I find myself in this state quite often. I've probably got more wood in the racks than I can use up in the rest of my life. Yet, I spend a lot of time, days, weeks, months, years, pondering over how to make the best use of it. Like it really matters. Instead of picking a project and making it, I overthink it to the point of inaction. 

The other thing is the scraps. I can't seem to make myself throw out scraps. I've got boxes of them, all shapes and sizes. I never use them. The slough from milling, I might use it for something, ... someday.... It's a wonder I don't keep sawdust... but you know...

Alan

Reactions: Like 1 | Thank You! 1 | Sincere 1


----------



## woodtickgreg (Jan 18, 2021)

Your just a normal wood worker, lol. We all do it. Get a wood stove or a fire pit and clean your shop once in awhile, lol.

Reactions: Like 1 | Agree 2


----------



## Alan R McDaniel Jr (Jan 18, 2021)

I did haul a little trailer load over to my burn pile the other day. I splashed diesel on it and set it on fire before I could think about it too long. Just when the flames were getting going good I saw this little piece that I wished I'd saved....

Alan

Reactions: Funny 5 | Sincere 2


----------



## Eric Rorabaugh (Jan 18, 2021)

Or post your scraps for sale on here. A lot of guys will use them in their projects. It will sell if the price is right.

Reactions: Agree 4


----------



## Matt3d03 (Jan 18, 2021)

I'd certainly be interested!

Reactions: Like 1


----------



## Sprung (Jan 18, 2021)

I found out that packing up and moving helps to clear out some of the clutter/excess wood.  We moved a little over a year ago.
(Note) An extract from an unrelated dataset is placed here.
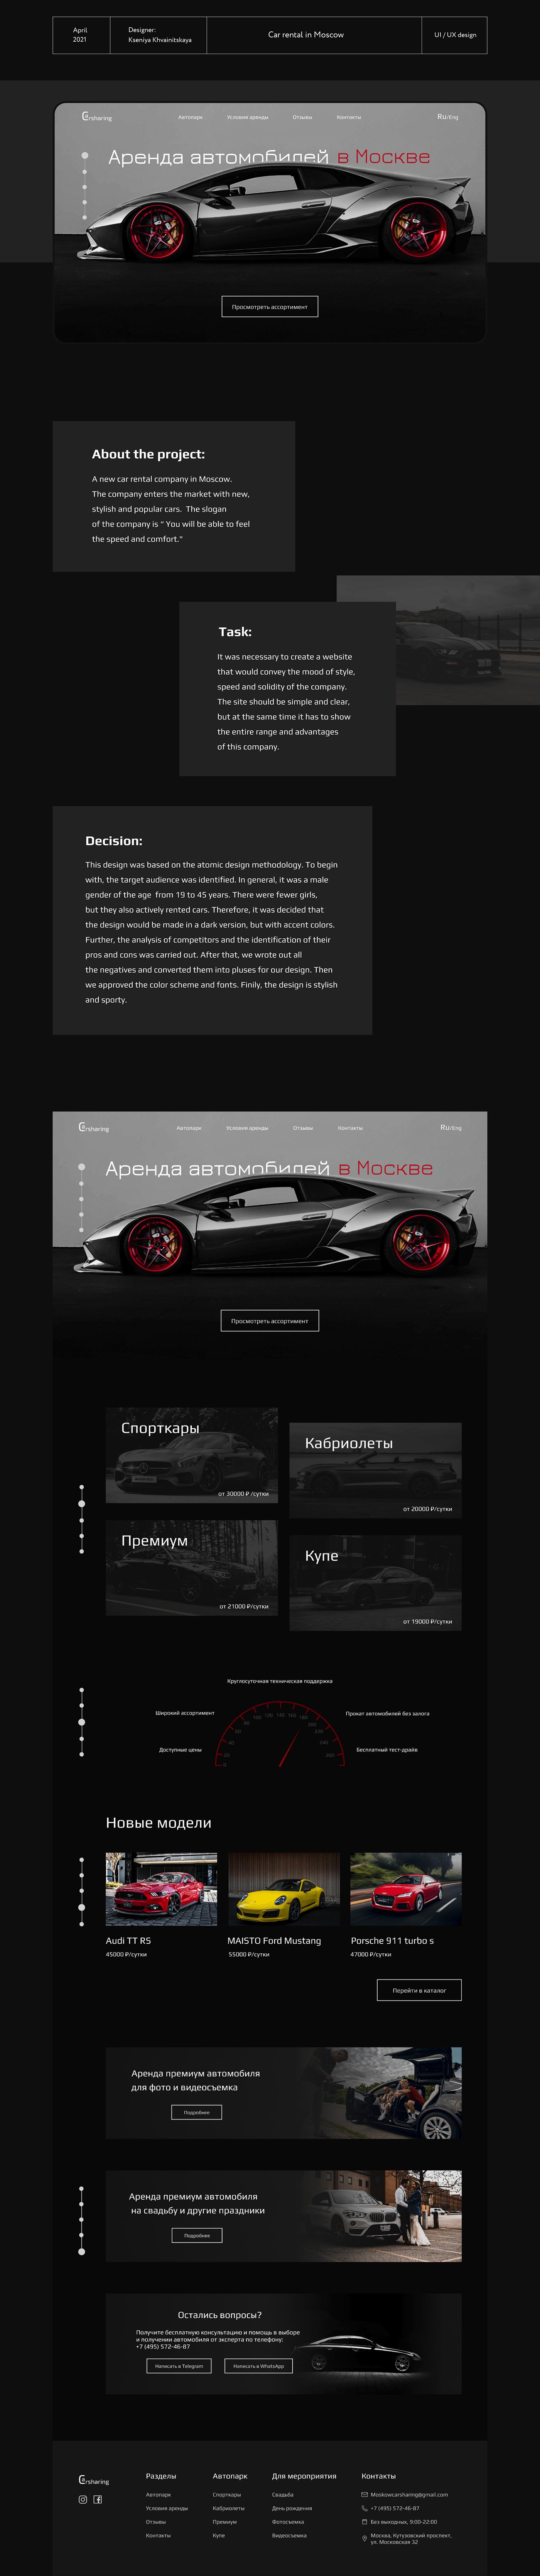 car Carsharing design Figma photoshop UI UI/UX ux Web Web Design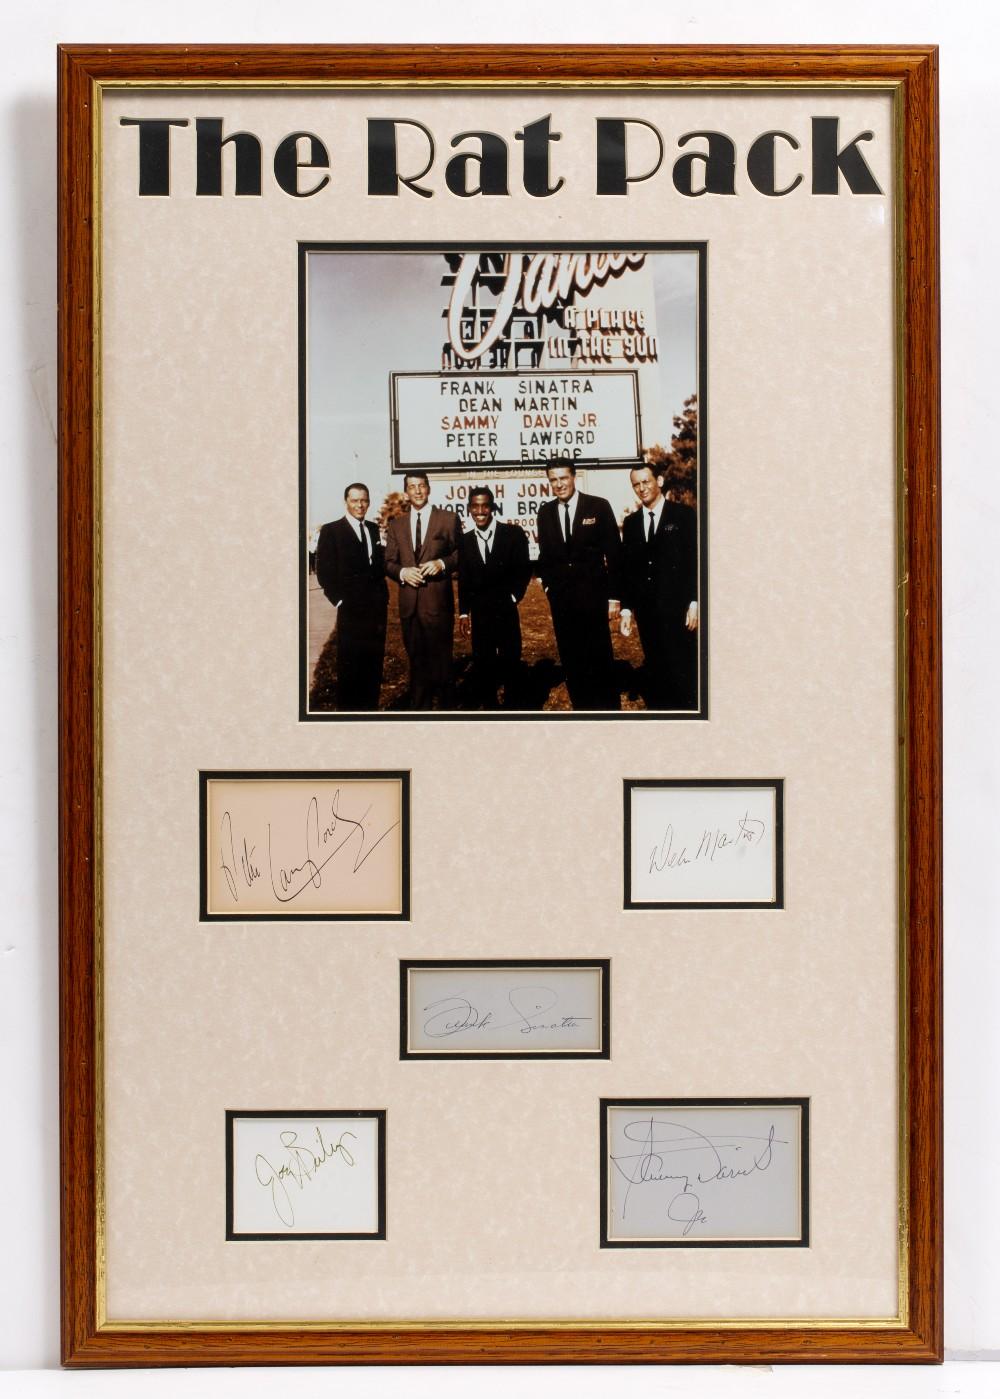 Lot 20 - 'THE RAT PACK' SIGNATURES Frank Sinatra, Dean Martin, Sammy Davis Jr, Peter Lawford and Joey Bishop,

It prompted me to sell some stuff, give some stuff away, and then burn a bunch of stuff.

Reactions: Agree 1


----------



## Wildthings (Jan 18, 2021)

Y'all QUIT telling him to burn those gorgeous scraps until he shows and offer them to us to buy. OOOOHHHH for some pecan and mesquite and ?????????

Reactions: Like 1 | Agree 2


----------



## Tony (Jan 18, 2021)

heck, plenty of pen turners, jewelry makers, etc. here that would gladly relieve you of your scraps. One man's trash..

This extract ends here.